The first thing I did was find out what my insurance coverage was and what the laws in the state were. Just because state insurance must cover IVF doesn’t mean that everyone in that state will be covered, for instance if a person has federal insurance.
Adam and I are lucky. We lived in New York, are a cis-gendered heteronormative couple, and Adam works at a company which has a lot of employee benefits for fertility, including unlimited medication coverage. Most Americans are at the mercy of what insurance companies and the state define as “medically necessity.” A diagnosis of infertility constitutes a “necessity.” Infertility is defined differently in every state. Some states have discriminatory language defining infertility narrowly, in the context of sex between a man and a woman, which gives insurers a loophole with which to withhold coverage. In Illinois, however, the definition was expanded to persons with an “inability to reproduce either as a single individual or with a partner without medical intervention.” This opens the door for single parents and same-sex couples.
A person can change insurance companies and pay a premium for a year which will eventually cost less than IVF out-of-pocket. Cigna is currently the front-runner in fertility but it’s only available in 13 states on the healthcare exchange unless offered by an employer.

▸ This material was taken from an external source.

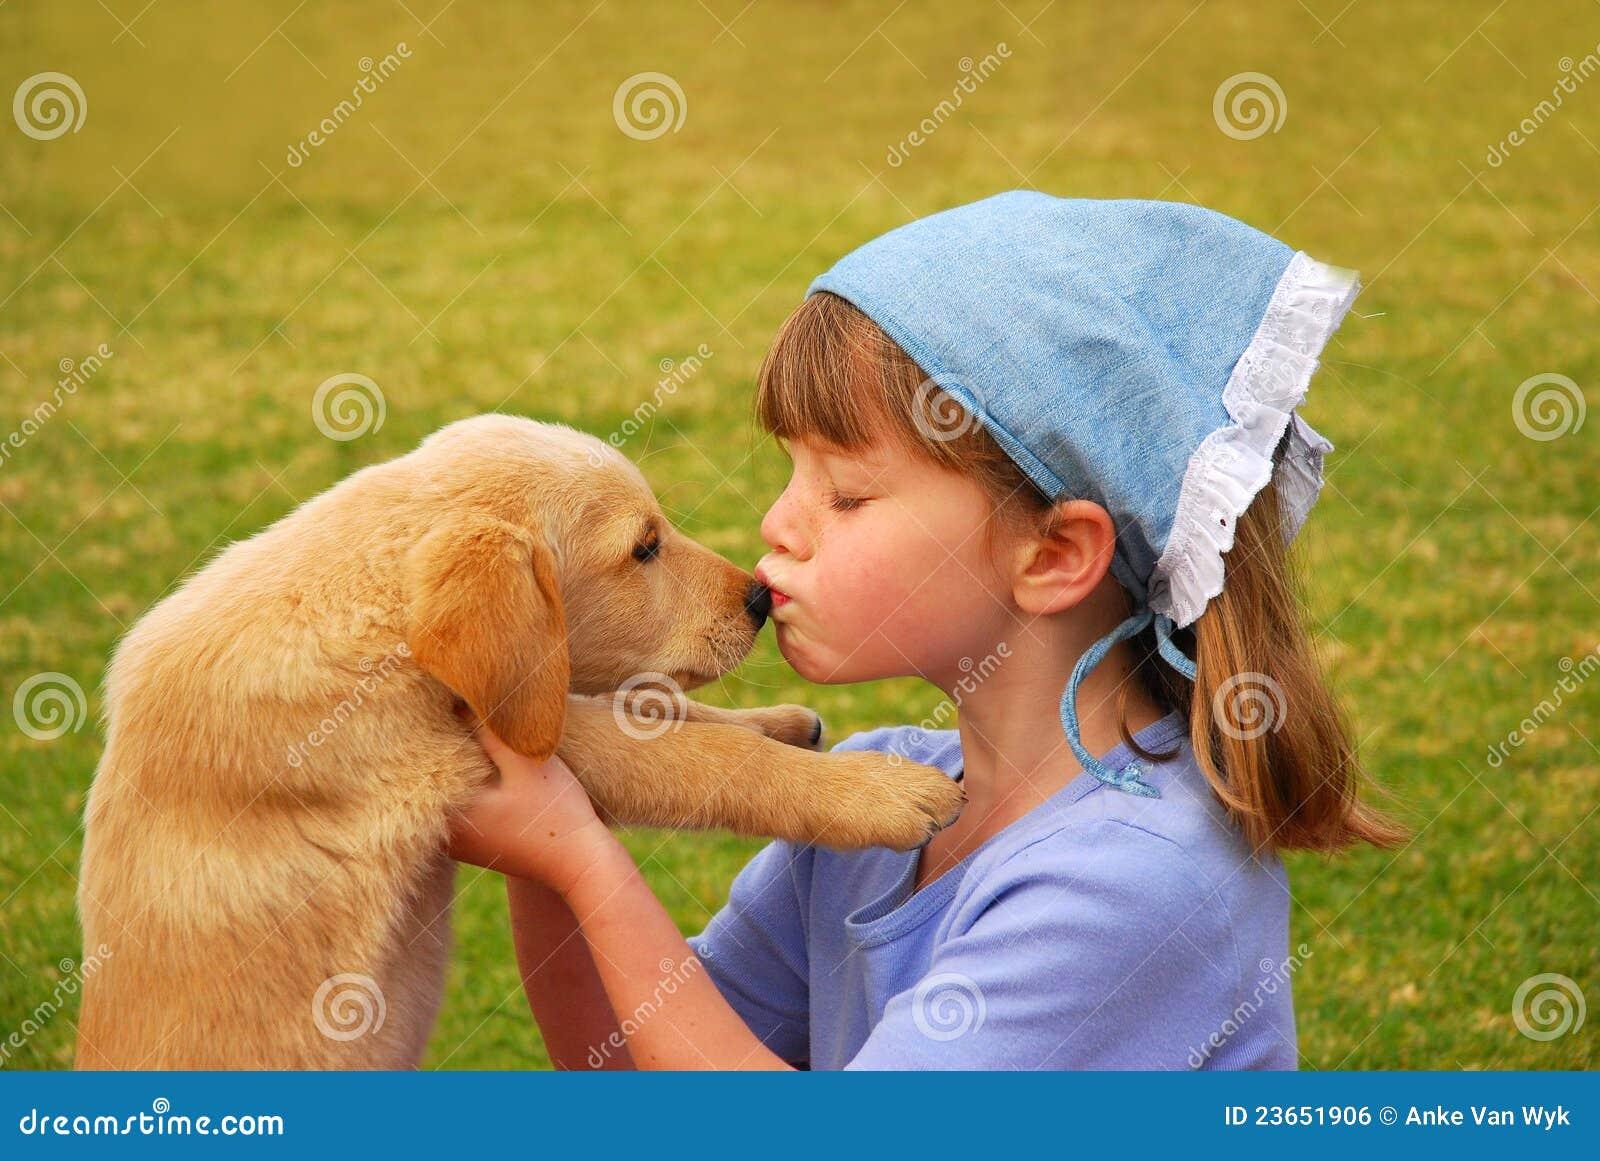 Flicka henne kyssande liten valp

There are some folks, especially same-sex couples, who may take on a second job going to work for a company specifically for their inclusive fertility insurance coverage. A woman recently became TikTok famous for blogging about her part-time job at Starbucks where she takes home zero dollars for work, but is fully insured for the monetary equivalent of three rounds of IVF.
Then there are grants. State grants often only work with select hospitals. Special interest grants cover anyone from people who make less than $40K per year to people who have cancer. There are grants for certain genetic disorders, or religious affiliation. A few wealthy folks have started grants after they, or their family members, struggled with having a child—some examples being Samantha Busch, and Pamela Hirsch.

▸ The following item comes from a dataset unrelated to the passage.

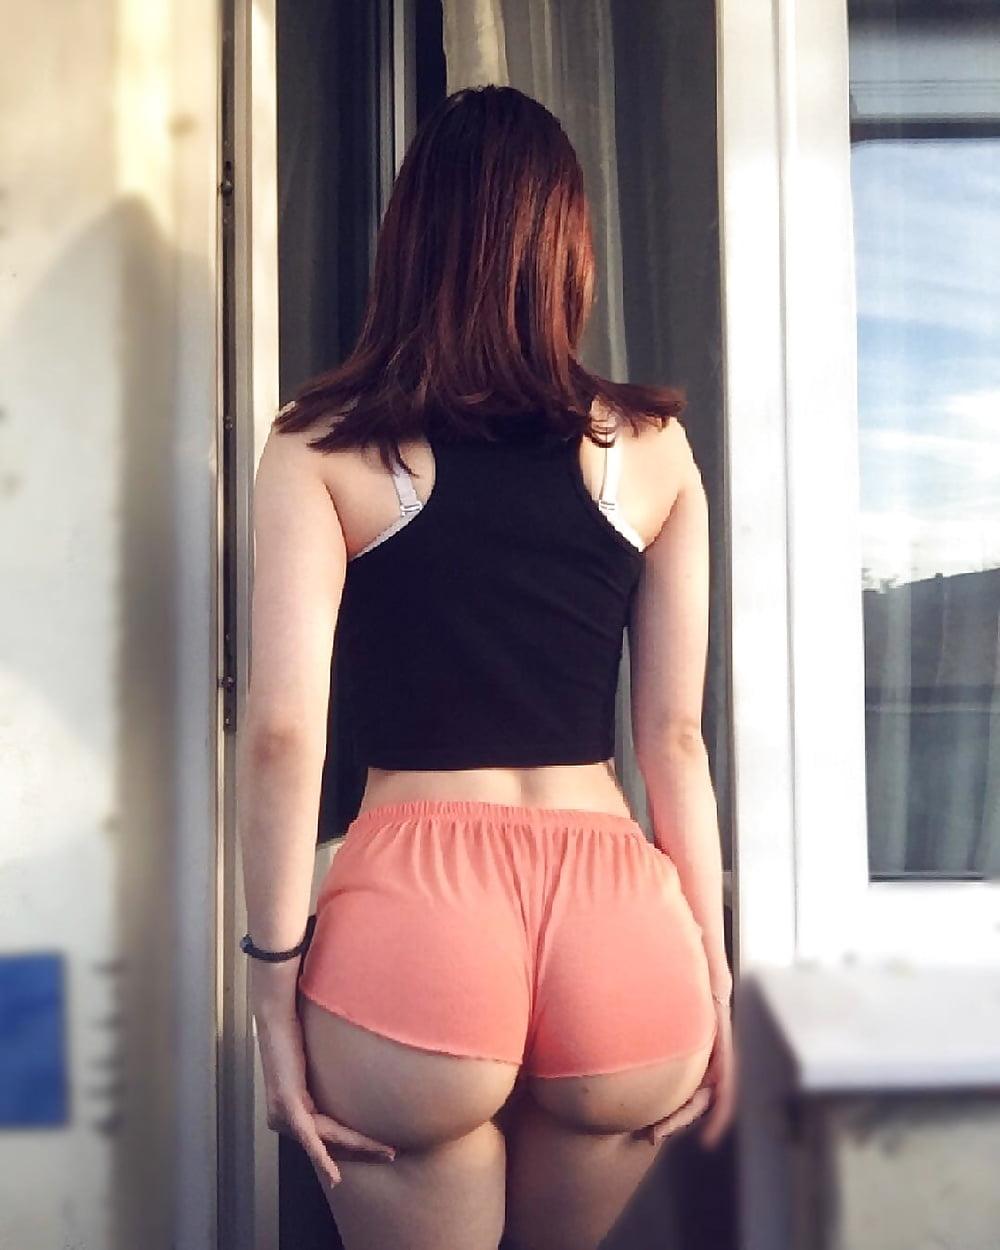 Tn Bubble Butt

Some clinics participate in a program called Bundl which offers to package IVF cycles and sells insurance for a few extra thousand for a some-money-back guarantee if you don’t become pregnant. Most other financing plans which I won’t promote are just as predatory as one would expect.

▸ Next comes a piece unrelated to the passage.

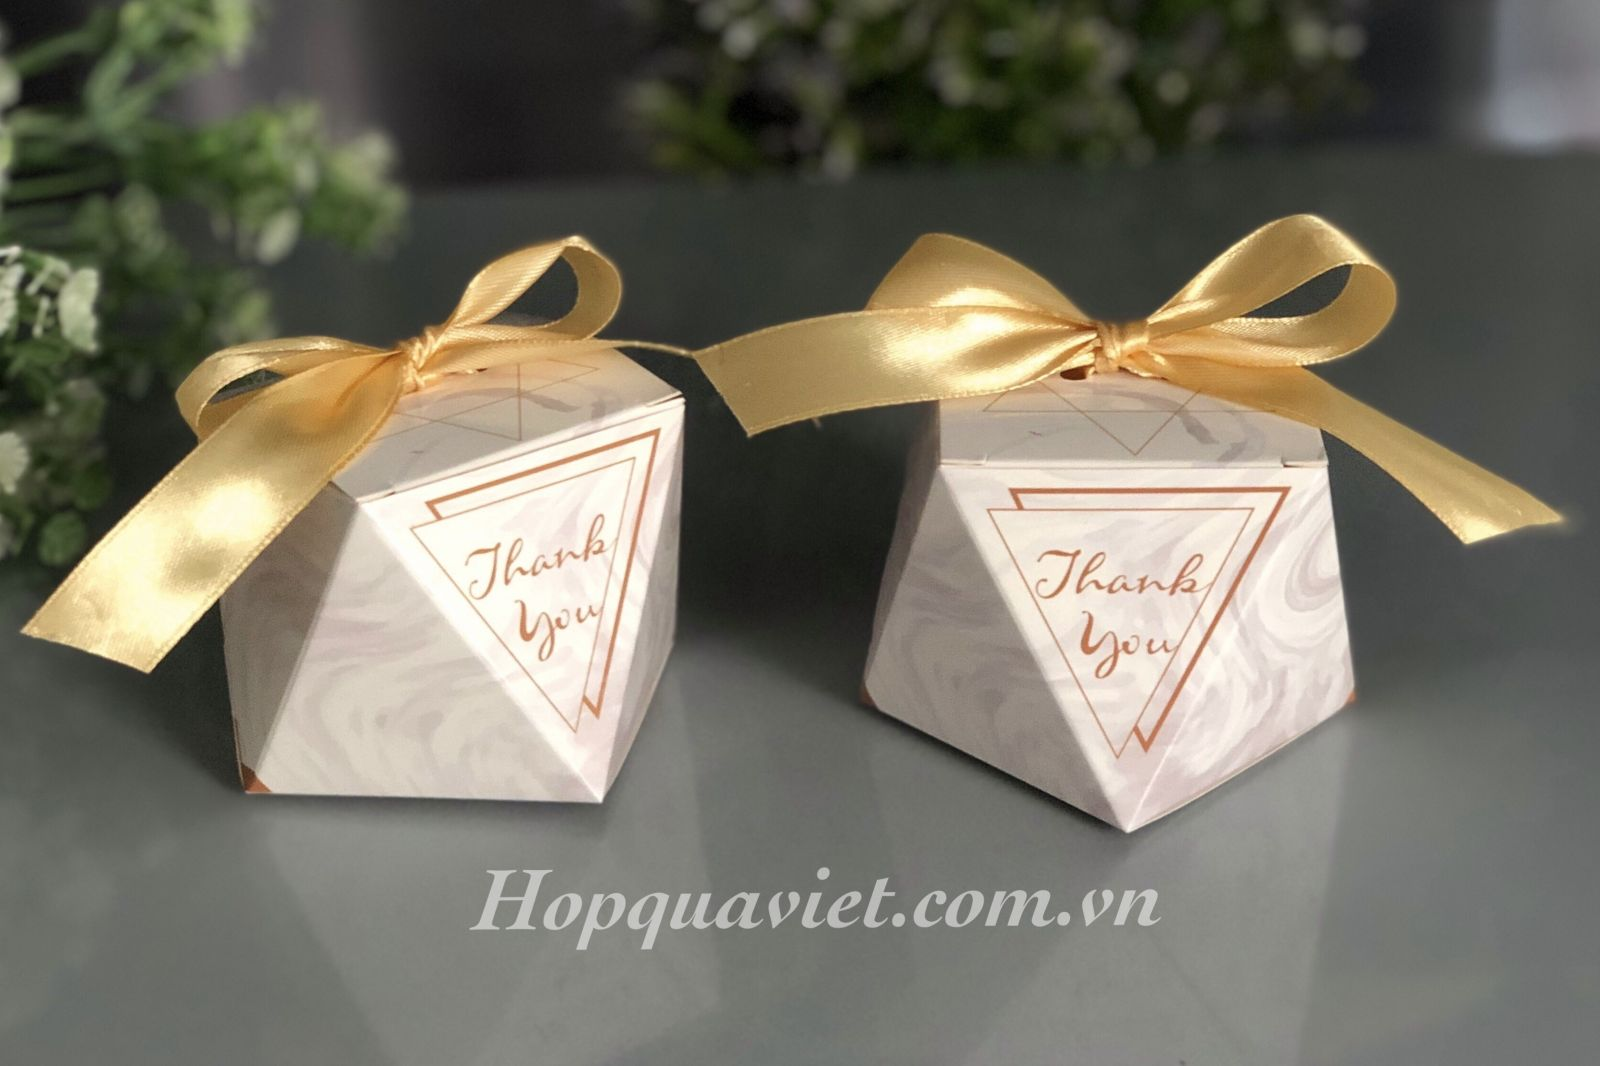 Hộp quà cưới đa giác vân đá T4

And finally there is an entire IVF tourism industry where one can travel abroad to find cheaper ART in places like Spain, Greece, and Czechoslovakia.
Is It Worth It?
I don’t know how I would feel if it hadn’t worked, but I do know I would have always regretted not trying at all. My son is now one year old, and his name is Walter Cadillac, named after the grandfather that played craps, and the car that drove us to and from the clinic. I have no words to describe him properly or how much he means to me. It will have to suffice to say that to me, he is evidence of a kind and beautiful universe, the likes of which I had never before known. We got really lucky to get in and out of the process in 4 months… the first time.
Our second embryo which had been waiting for us, frozen in a facility in New York, didn’t take, and we are currently trying again. Hustlers like me believe in the hot hand fallacy like others believe in God, so after Walter Cadillac I didn’t think I could lose. When I did I went right back to that feeling, that passion to try anything and everything. I honestly don’t know how far it goes. It can feel like a casino at times– no windows, no clocks. If it does work, and I do hit big again, then pregnancy anxiety starts, and a new set of odds gets calculated, and it really does feel like it’s designed for those of us who will walk over the edge.